The second oval in the lower left of the example ballot would cast a vote for the every candidate on the ballot who is a member of the Republican Party. The barcode representing this selection on an ExpressVote paper record would contain the data 015811
(column 1, row 58, side 1, page 1 ).
This barcode can be manipulated so that it contains 016011
. That position is two grid rows lower and corresponds to the oval for the Green Party. It would require adding four additional lines.
| Start C | 1 |58 |11 | Check 49 | Stop ||
11010011100110011011001110110001011000100100110100011101100011101011 ++ ++ 11010011100110011011001110111101011000100100110111011101100011101011
| Start C | 1 |60 |11 | Check 53 | Stop ||
With a single edit, hacked software could affect every contest in the election, even on other ballot sides and other pages! It could steal votes from every Republican candidate and add votes for every Green Party candidate.
Barcodes in Code-128 format are editable. The data integrity features are suitable for preventing basic scanning errors, but offer weak protection against intentional data modification. Modification is facilitated by the grid layout of a ballot which creates predictable values at regular intervals.
Hacked software does not have the ability to change a barcode to any value it prefers. Many barcode characters are precluded by having black lines already printed where a white space would need to exist. The design of the ballot, the number of contests, and the number of candidates competing in each contest will determine which ovals can be manipulated most effectively. The opportunities will vary by ballot style. A vulnerable oval position on the ballot used in one precinct may not be occupied by an oval in another precinct.
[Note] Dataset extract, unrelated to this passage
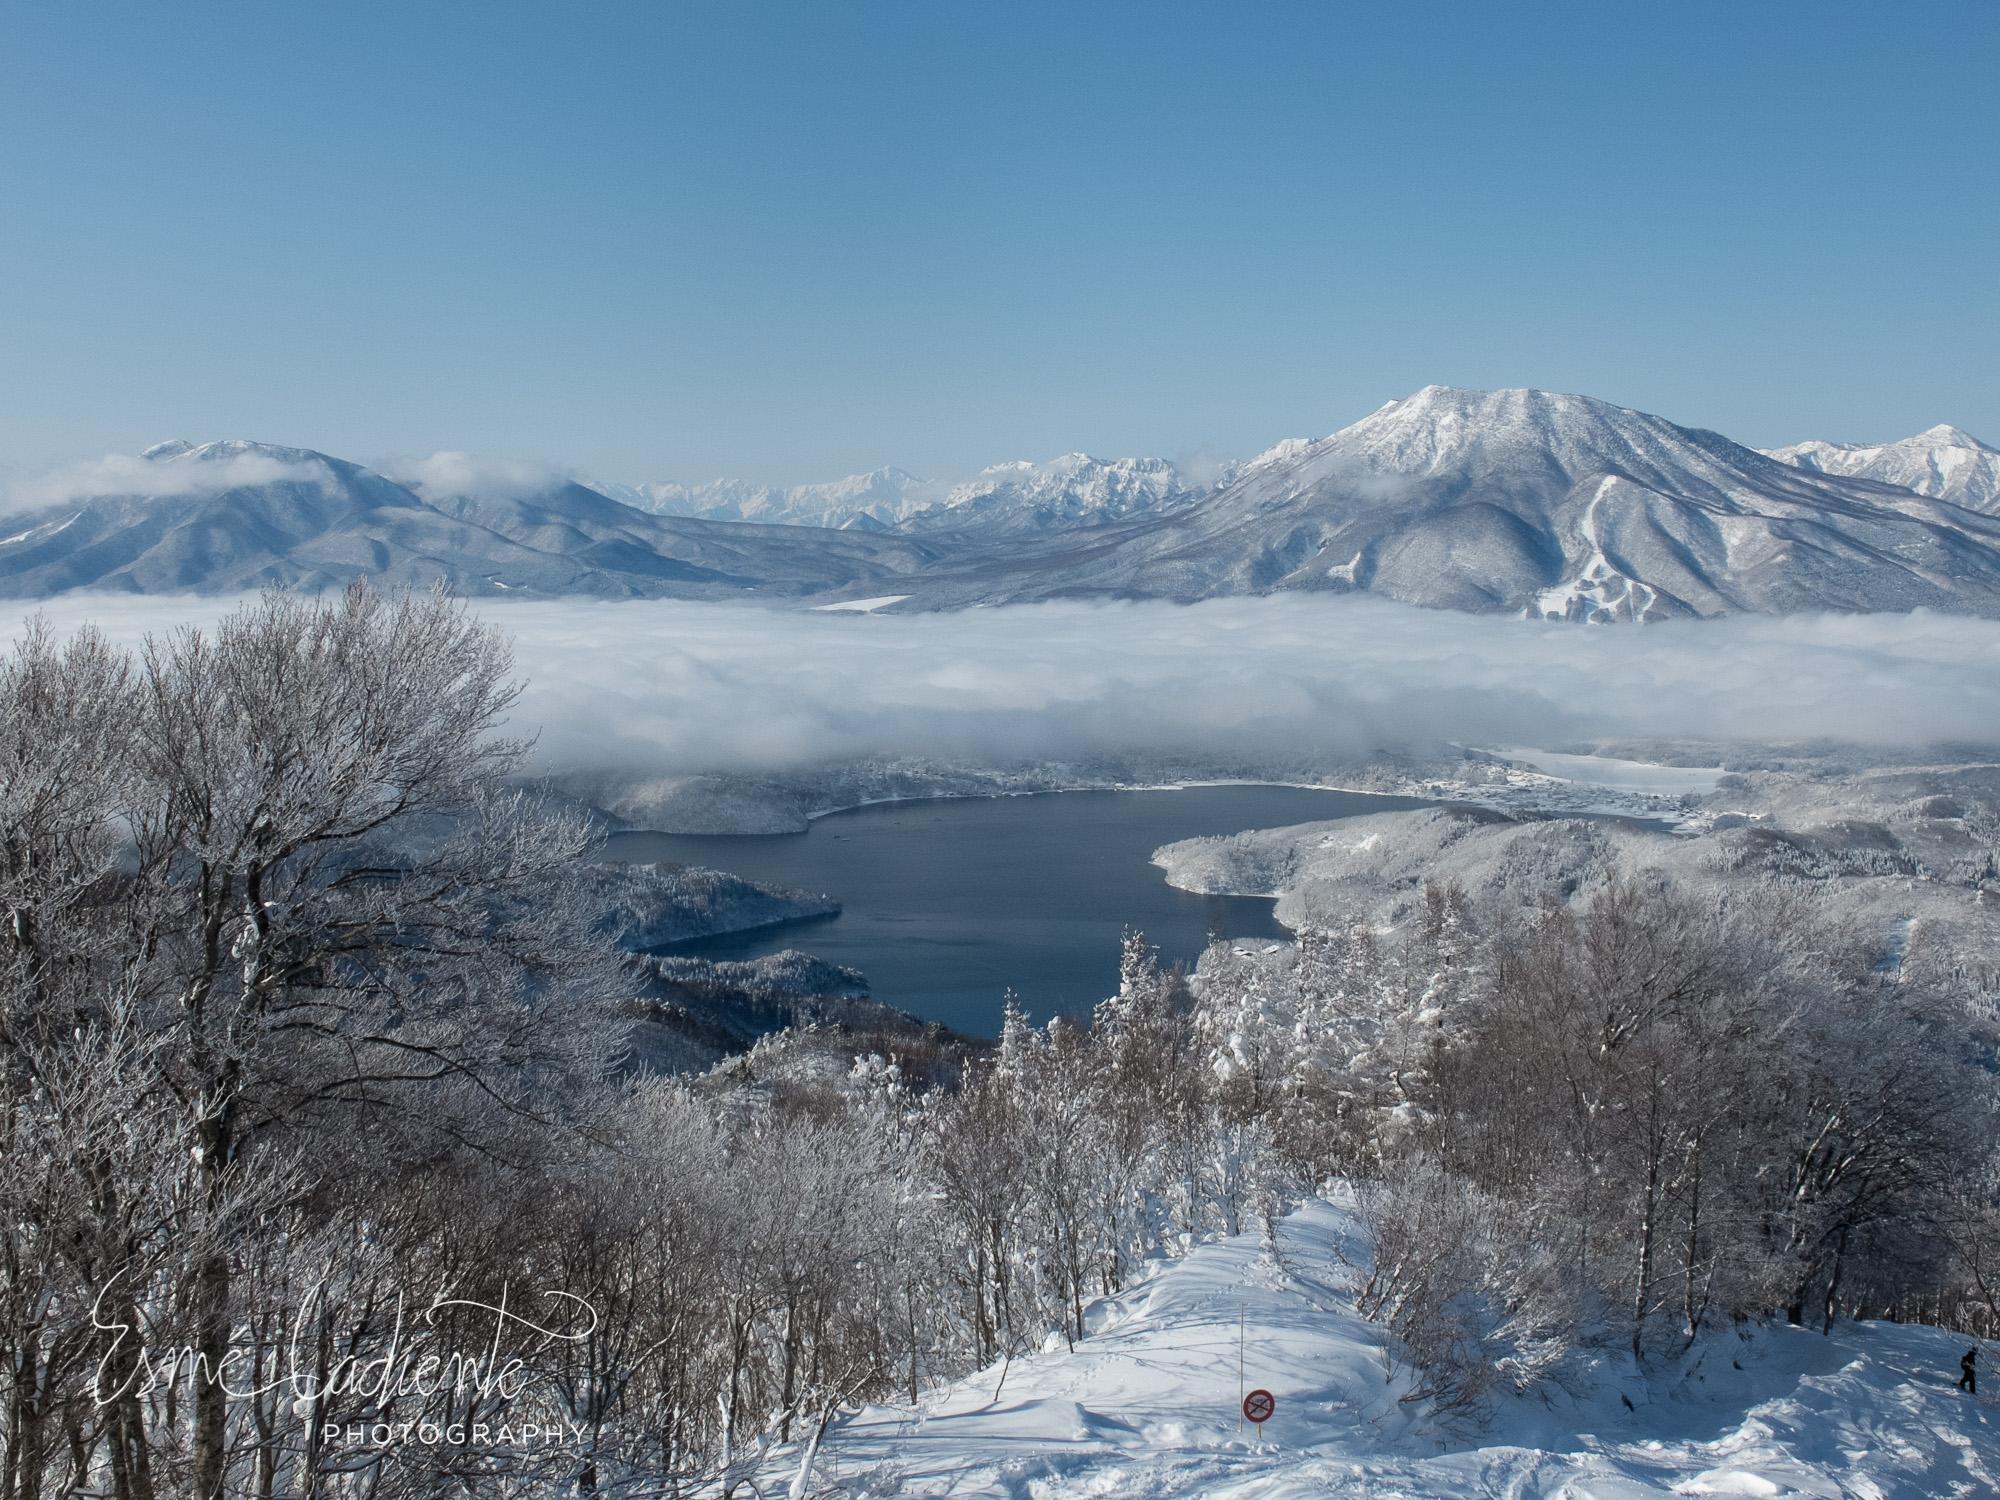 The view of Lake Nojiri from the ridge between Madarao and Tangram Ski Circus.

Hacked software must watch for opportunities and exploit them when available.
There are many potential opportunities. A long, 8.5" wide, single-sided ballot (with 23 columns, 99 rows) has 2,277 oval positions. If barcodes were created for all of them, 714 of those barcodes (31%) can be modified to a new value somewhere on the same side of the ballot. Most of those 714 vulnerable barcodes offer more than one option for modification. The white spaces can be filled in different combinations to achieve several values. For example, 093411
can be converted into nine valid barcodes, not just 093011
. The barcode for 100811
has 26 possible alternate values. The average number of possible modifications is 3.22.
The given examples flip votes in the same contest. This is the most obvious use case. It is also possible to modify a vote in one contest to a vote in a different contest, even in a different column or on a different page. Chains of modifications are possible. Hacked software could shift a vote in one contest to a vote in another, then shift a vote in that second contest to a third contest, and finally shift a vote in the third contest back to the first one.
Since 2015, use of barcodes to encode ballot selections in a machine-readable format has spread rapidly throughout American election systems. This has been in large part due to the adoption of ES&S ExpressVote voting machines which utilize Code-128 barcodes. The introduction of the ExpressVote XL, which has the opportunity to print on the paper record after the voter has last seen it, will further that expansion. Awareness of the ways in which these barcodes could be manipulated for malicious purposes is important for making elections more secure.